In any case, the book offers so many pleasures that it warrants a high degree of tolerance to such errors. There are sixty items, uncollected and several unpublished, with numerous reminders of Burgess’s energy, erudition, wit and wide-ranging enthusiasms. On censorship, Henry Miller, Nabokov, Erica Jong, A. S. Byatt, Evelyn Waugh and Malcolm Lowry; Ellmann on Wilde, V. S. Naipaul, Graham Greene and Kingsley Amis. Burgess is always readable, often provocative, generally engaging. Remembering Earthly Powers, whose main protagonist was reputedly based on, or drew upon, Somerset Maugham, it’s salutary to be reminded of Burgess’s considerable and genuine regard for Maugham’s writing. He describes Cakes and Ale as ‘a textbook of literary criticism as well as a superb novel’ and, though he proposes to modify that to ‘a superb work of fiction’, since the book may be seen as an inflated short story, he adds that some of Maugham’s stories are ‘among the best in the language.’ Of his first reading of The Waste Land: ‘I was only fifteen, and I understood very little of the poem, but I recognised that it was important. I seemed to hear a door, a long way down one of my mind’s corridors, trying to creak open but not quite making it.’ That last sentence is right on the money.

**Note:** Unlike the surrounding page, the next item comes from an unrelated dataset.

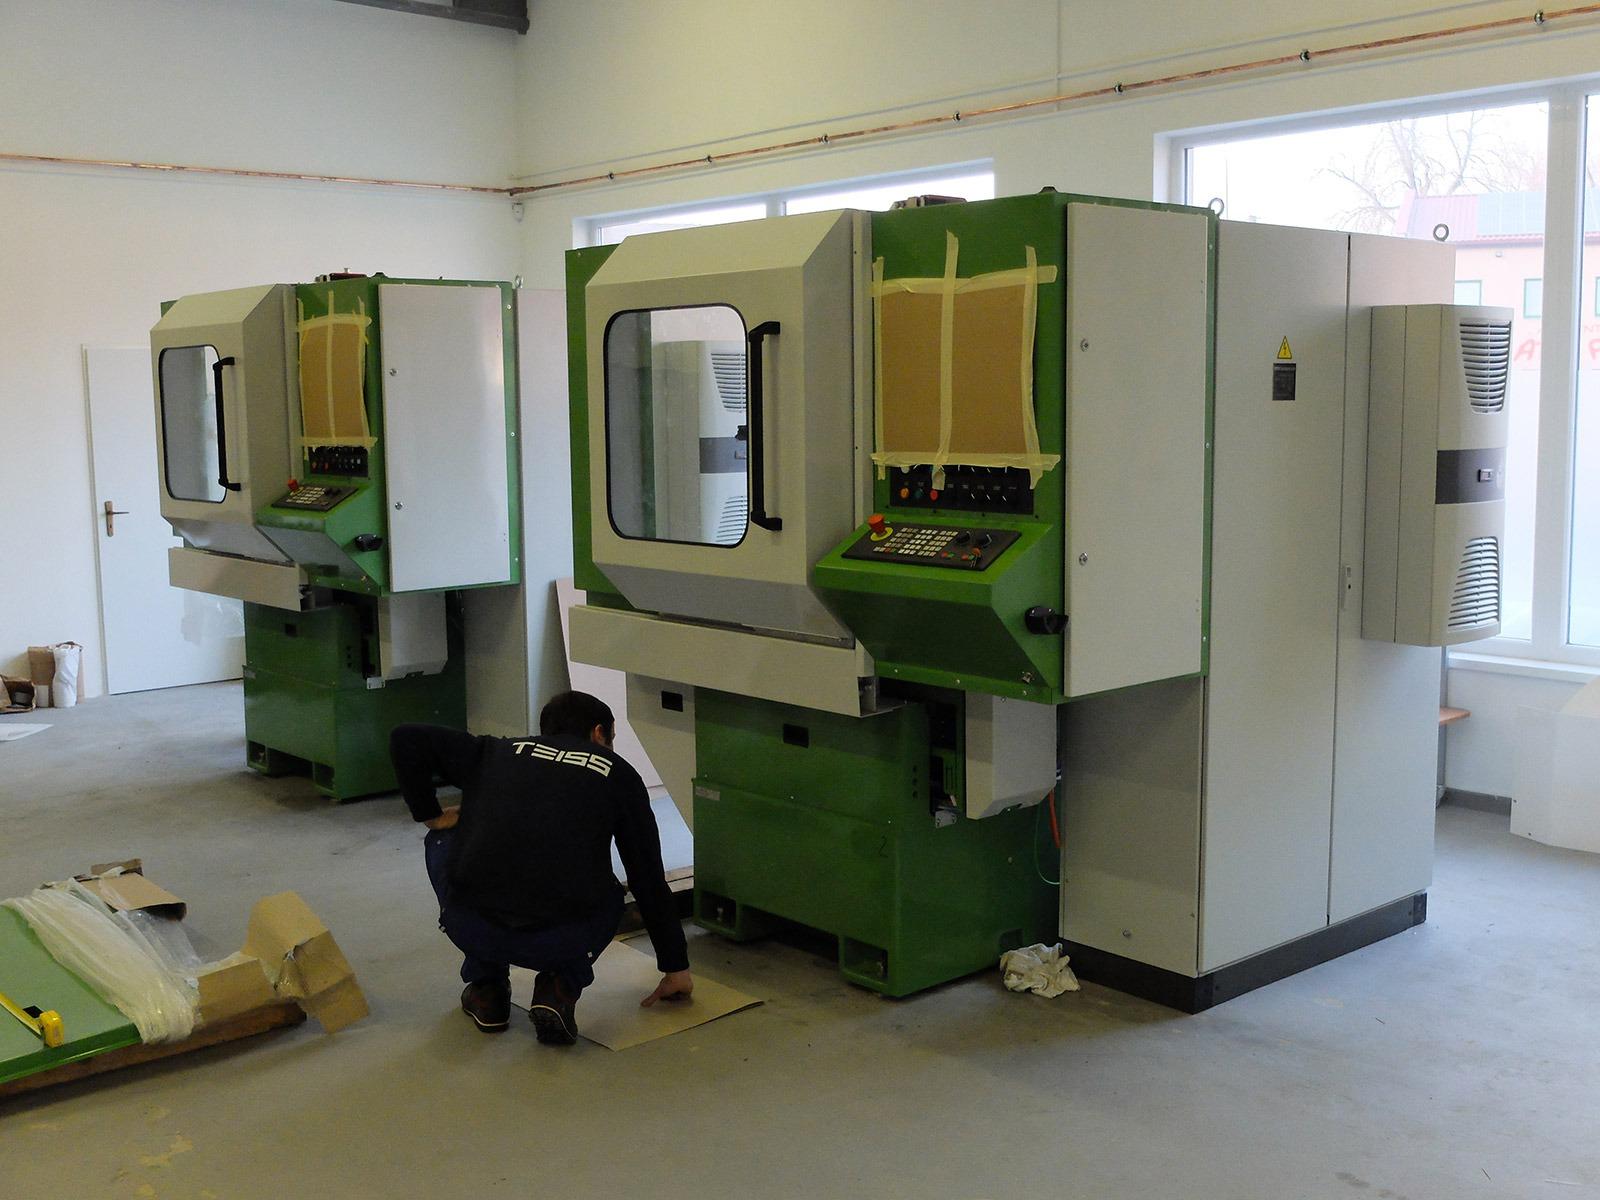 Teiss – Výroba průmyslových strojů na míru

He writes often and well on Joyce, of course, is consistent in his championing of Ford—‘without doubt the greatest British novelist of the century’—offers some clear and often compelling insights into the writing of fiction (‘The problem for all fiction writers is to decide who is telling the story’), is always fascinated by language, slang, class differences in speech and pronunciation. I liked this, from an unpublished piece (a version of a speech given at the Tate in 1991): ‘I say that a thing portrays beauty when it induces a feeling of elation which is unrelated to the biological or the utilitarian. The orgasm produces elation because that is nature’s bribe to ensure the continuation of the race, even through that bribe is thwarted. The elation of health, or its recovery, or financial success, the winning of a difficult game doesn’t call into being the praise or near-worship of an artefact. The elation is probably the elation of a kind of metaphysical discovery, and that discovery is very frequently a sense of unity which only the arts can convey.’

Burgess

(Anthony Burgess via theconversation.com)

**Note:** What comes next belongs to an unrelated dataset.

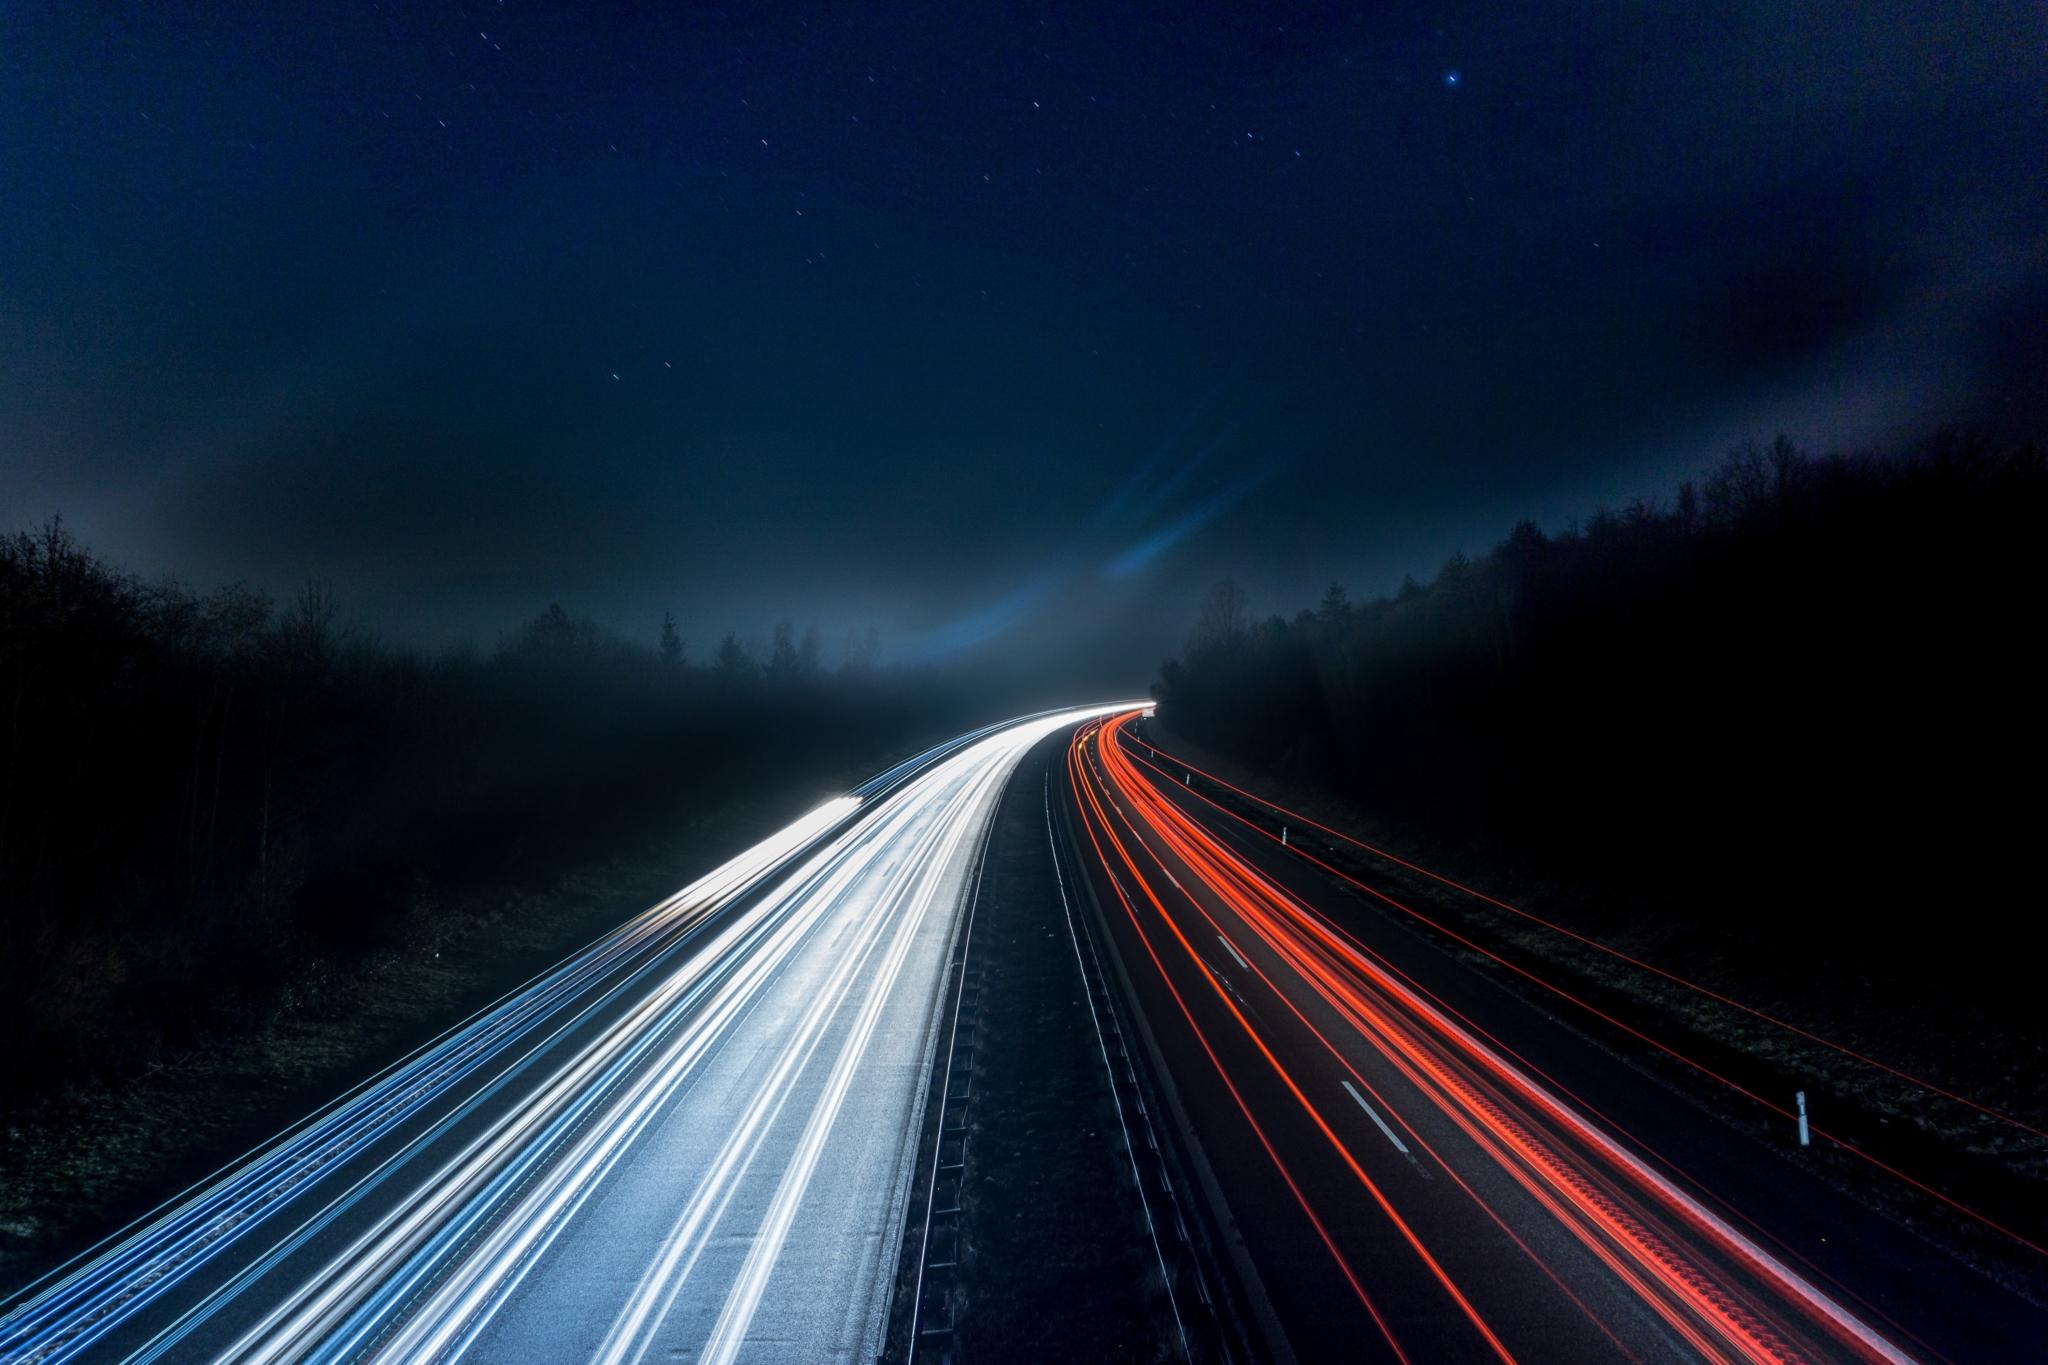 ETRMA calls for EC to publish legislative proposal on in-vehicle data access

That word ‘elation’ caught my eye because it recurs in several Jonathan Williams contexts, usually when he was quoting Louis Zukofsky to the effect that the function of poetry is ‘to record & elate’ (or, on occasion, ‘to elate and record’), while Elite/Elate was the title of his 1979 Selected Poems. It’s ironic that Burgess is mentioned in a Williams essay only in a negative context: ‘In one of the Sunday papers, Mr. Anthony Burgess considered it withering and simple enough to call [Zukofsky] “a New Yorker, a Communist, a Jew, and a poet” (I think in that order)’.

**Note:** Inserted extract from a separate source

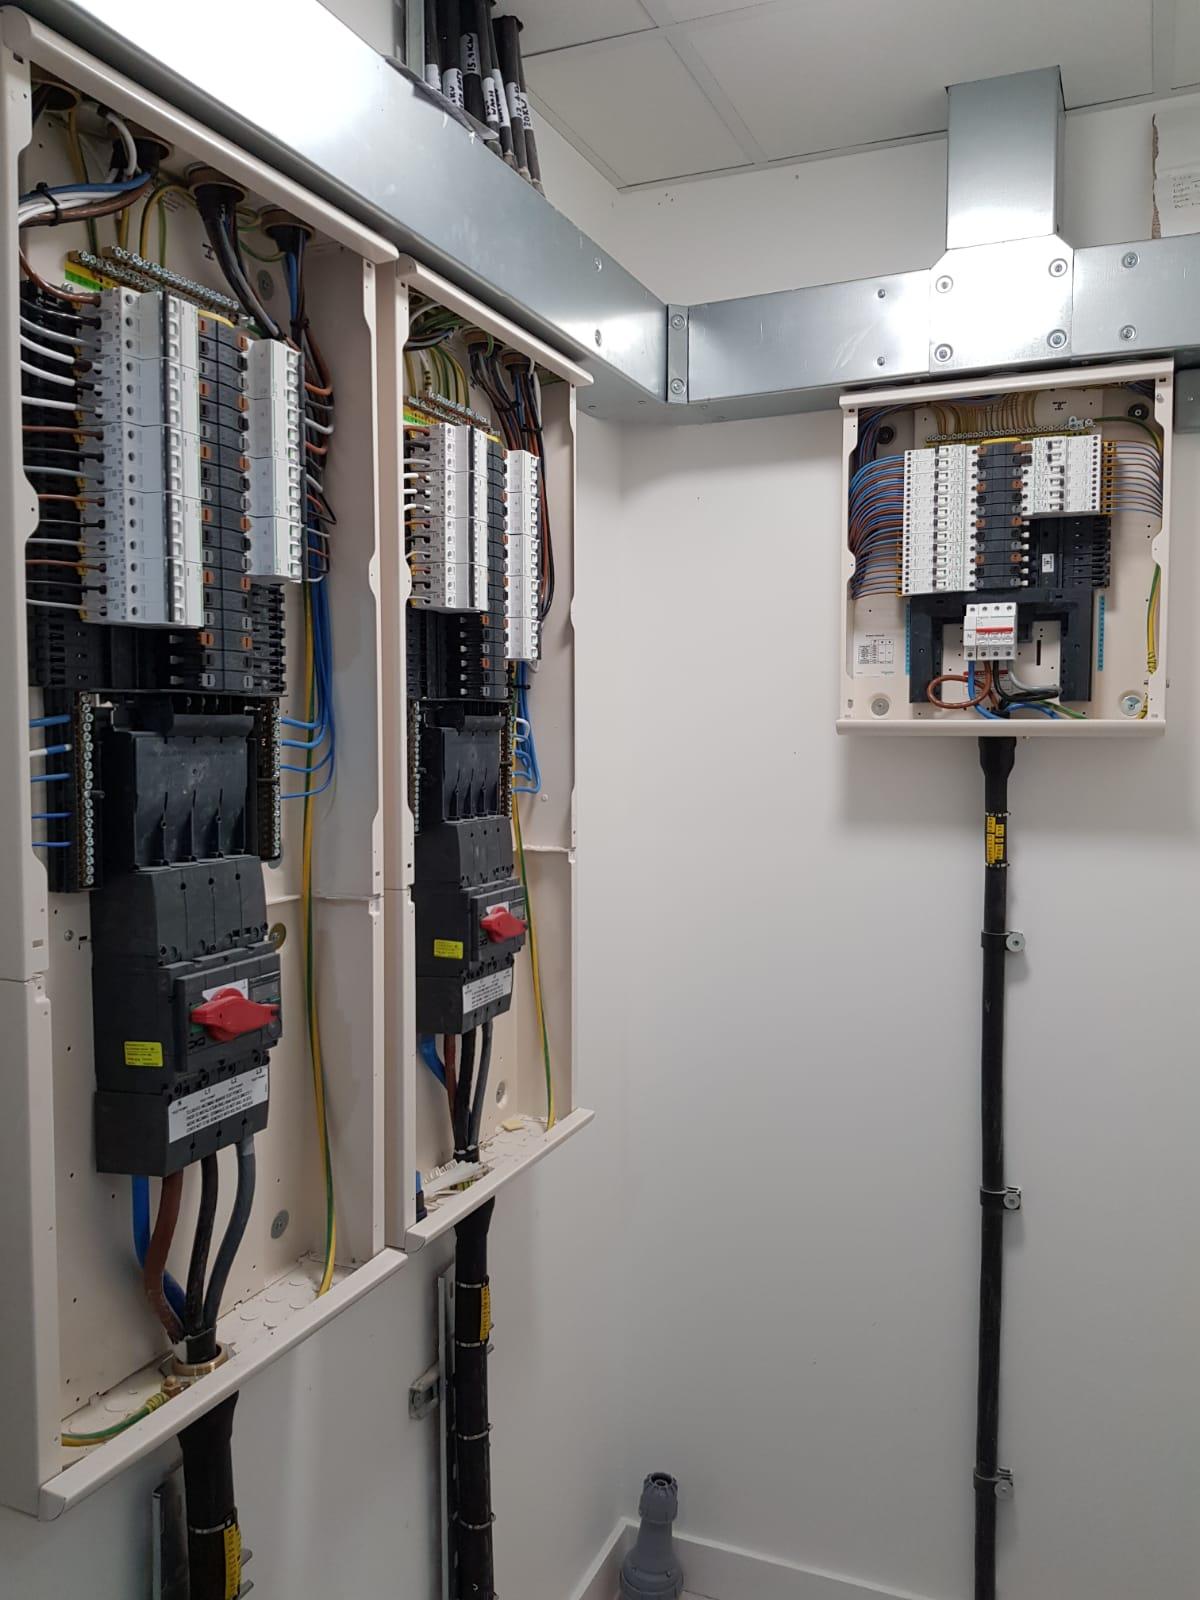 Mains installation

Still, Burgess and Zukofsky at least have in common the valuing of ‘elation’ as a desirable effect of literature or the arts and an indispensable element in the perception of beauty.

My other recent Burgess-spotting came in my fat volume of Patrick White’s letters. Writing to Marshall Best, his American publisher, in 1970, White commented that Burgess had seemingly ruffled a gathering of Australian writers with a talk given at the Adelaide Festival, in which he asserted that, ‘A country is only remembered for its art. Rome is remembered for Vergil, Greece for Homer, and Australia may be remembered for Patrick White.’ According to the newspaper report, no one clapped. ‘How I wish I had been watching and listening at a hole in the wall’, White remarked.